Memory stabbed again at the thought of how they had once speculated on just what his ancestry might be, what exotic background could have created his dark dramatic looks.

‘You found out about your true background?’

‘I did. And your husband would have been delighted to know that it was every bit as far from his aristocratic pedigree as he always believed it was.’

And he wasn’t going to enlighten her any further, his tone declared adamantly. He had no intention of letting her in on anything he had found out about himself. If anything marked how wide the chasm that divided them had become then it was that.

‘Are we having this tea or not?’

Isobel’s impatiently petulant voice broke in on the intense concentration of his gaze on her face, making those deep dark eyes blink just once, slowly, before he deliberately looked away, in the direction of her sister-in-law.

‘Perhaps not,’ he drawled silkily. ‘You’ll forgive me if I don’t stay. I have business to attend to.’

He was picking up his coat as he spoke, tossing it over his shoulders like a cloak as he had worn it on his arrival, and turning towards the door.
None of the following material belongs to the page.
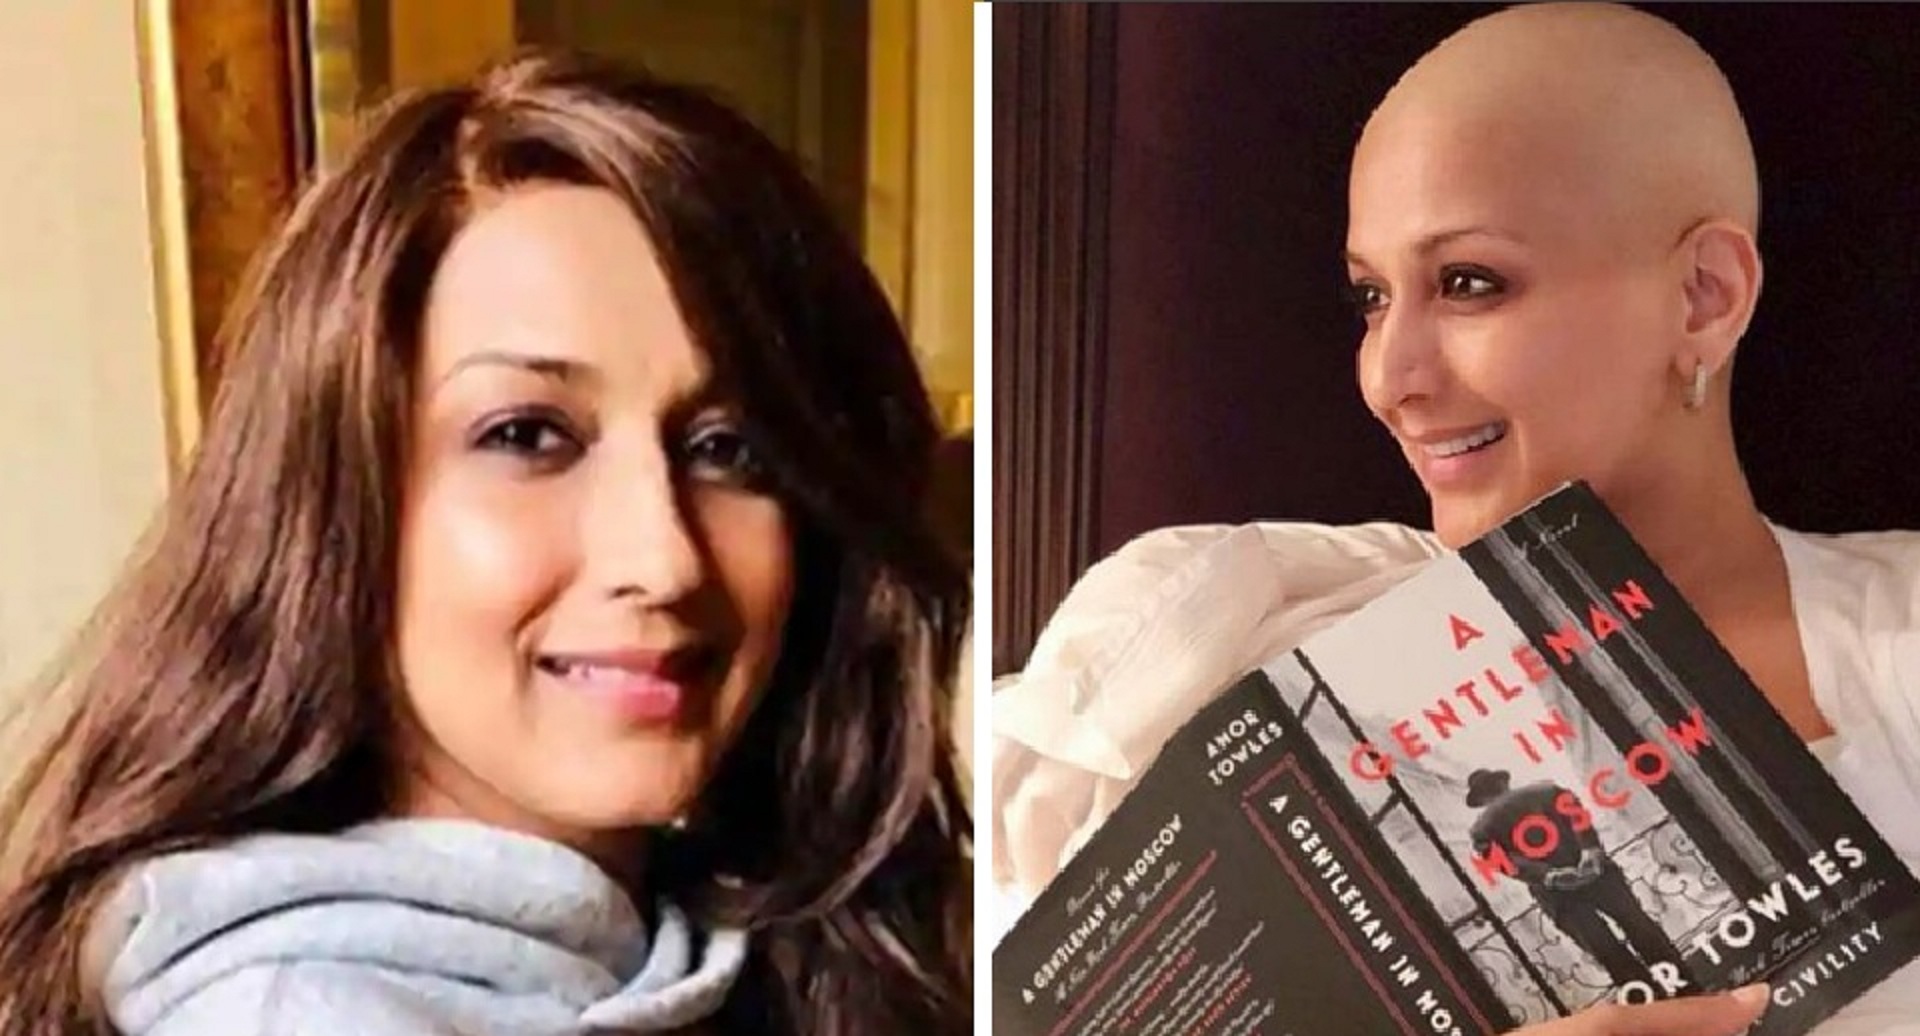 Battling Cancer, Sonali Bendre shares pic wearing a wig and a heartfelt message

That was the second time today he had mentioned business deals but never explained himself. Once more that icy sensation slid down her spine.

I’ll be back one day. And then you’ll see how everything you think you have can all be turned on its head.

Suddenly afraid that he would walk out of her life again as he had done once before and that this time he would never come back, she hurried after him.

‘Heath—wait …’

He was almost all the way down the long, tiled hall, never hesitating or looking back. But then, just at the last moment, he paused and turned back very slowly.

‘You never said why you came. What you are doing here.’

‘Why did I come to the Grange today? Surely the answer to that is obvious.’

‘Not to me.’ Her voice croaked embarrassingly as she forced out a response.

Heath smiled briefly once again. It was a smile of ice, totally without any hint of warmth in it.

‘I came to see you, of course. Why else would I be here?’ ‘To …’

‘To see you, Lady Katherine,’ Heath repeated, the words sliding over her like a stream of ice water, making her skin shiver miserably. ‘To look into your face just once and then walk away—this time for good.’